Даже если человек не страдает аллергией, его организм едва ли отнесется спокойно к такой «противоестественной» субстанции, как пчелиный яд. По своей природе он обладает геморрагическим действием, то есть имеет способность разрушать клетки крови. Тем не менее пчелиный и осиный яды относительно безвредны для большинства людей – разве что вызывают болезненный местный (в области укуса) отек. Иммунные клетки любого человека реагируют на яд, однако иммунная система моего отца отреагировала слишком активно, запустив смертоносную спираль – процесс, известный как анафилаксия. Всемирная организация здравоохранения с медицинской точки зрения определяет анафилаксию как «тяжелую, жизнеугрожающую системную реакцию гиперчувствительности, которая характеризуется быстрым началом с потенциально опасными для жизни нарушениями со стороны дыхательных путей, дыхания или кровообращения». С бытовой точки зрения это означает, что у моего отца была аллергия на пчелиный яд – гиперчувствительность, которую он, к несчастью, недооценивал, пока не стало слишком поздно.

Всего за несколько недель до этого на парковке магазина Walmart моего отца тоже ужалила пчела. Вернувшись домой, он пожаловался Патрисии, что плохо себя чувствует, и принял хорошо известный антигистаминный препарат, обычно рекомендуемый для снятия легких аллергических реакций. Вскоре после этого отцу стало лучше, но Патрисия уговаривала его обратиться к врачу, заподозрив у него аллергию на пчелиный яд. Мой отец, и так беспечно относившийся к своему здоровью (он слишком много курил, пил слишком много бурбона и слишком любил ребрышки), от визита к доктору отказался.

Аллергические реакции могут усиливаться со временем, при повторной встрече с аллергеном. Когда пчела ужалила моего отца в первый раз, от ее укуса, возможно, не осталось ничего, кроме небольшого следа. Во второй или третий раз иммунные клетки его организма, уже запомнив опасные вещества, содержавшиеся в пчелином яде, отреагировали быстрее и сильнее, вызвав соразмерный ответ. Тело моего отца, без какого бы то ни было предупреждения, уже было готово его предать.
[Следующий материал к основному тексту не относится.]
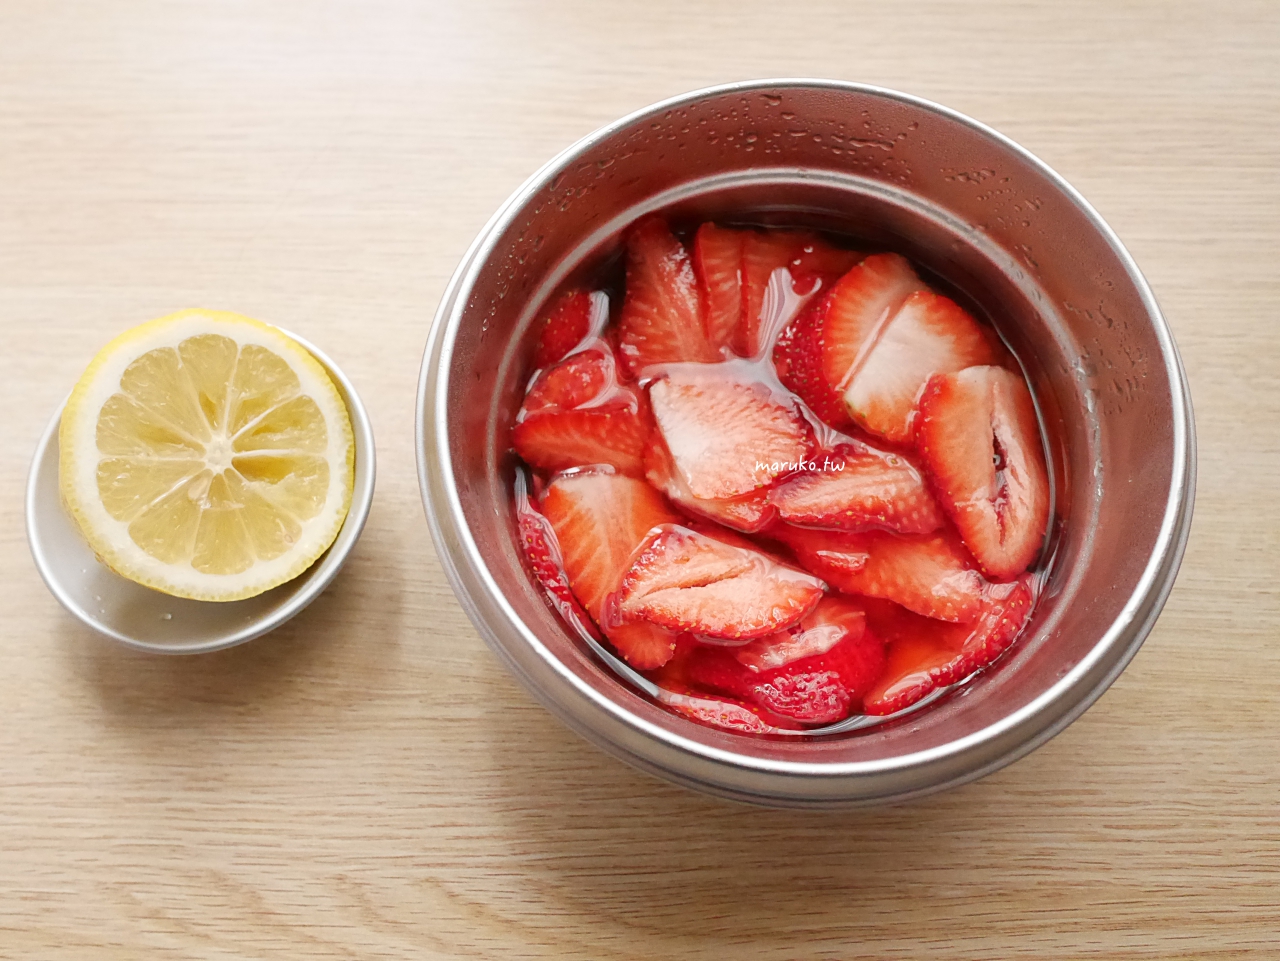 【食譜】新鮮草莓果醬 不加一滴水的草莓醬 沾著草莓吃,簡單又健康 @Maruko與美食有個約會

Процесс анафилаксии запускается в тот момент, когда антиген – таким термином обозначают любое вещество, которое, как, например, пчелиный яд, инициирует иммунный ответ, – сталкивается с тучными клетками и базофилами в организме и активирует их. Эти клетки запустили анафилактический процесс всего через несколько секунд после того, как пчела ужалила отца в машине. Они вступили в прямой контакт с белками яда и начали выделять гистамин, органическое соединение, высвобождающееся при повреждении клеток. Гистамин – ключевой элемент нормального иммунного ответа. Он заставляет кровеносные сосуды расширяться, что делает их стенки более проницаемыми: это значительно облегчает передвижение лейкоцитов, борющихся с инфекцией, к поврежденным участкам. Кроме того, гистамин сам по себе стимулирует близлежащие клетки вырабатывать еще больше гистамина. Это своего рода «сигнализация» организма на химическом уровне: когда она срабатывает, вся иммунная система приходит в действие. Какие ощущения в организме вызывает срабатывание этой «сигнализации»? Гистамин воздействует на органы, вызывая воспаление, покраснение, зуд, крапивницу и отек.

К несчастью для моего отца, дальнейшие события развивались стремительно лишь потому, что он все еще сидел прямо, поскольку был за рулем: это частично препятствовало правильной циркуляции бедной кислородом крови, которую вены несли обратно к сердцу. Аллергический выплеск гистамина привел к слишком быстрому расширению вен, что еще сильнее снизило артериальное давление и уменьшило приток крови к сердцу. В конечном счете все это может привести к остановке сердца – в случае с моим отцом так и произошло. Избыток гистамина способствовал перемещению жидкости из его сосудистой системы (сети кровеносных сосудов по всему организму) в ткани, в результате чего все тело моего отца, включая шею, отекло. Стремясь защитить нижние дыхательные пути от вдыхаемых раздражителей, гистамин также сгущает слизь, увеличивает ее выработку и приводит к спазму гладкой мускулатуры легких. Во время анафилактического шока дыхательные пути значительно сужаются всего за несколько минут. Мой отец, чувствуя, что происходит неладное, съехал на обочину и попросил Патрисию сесть за руль.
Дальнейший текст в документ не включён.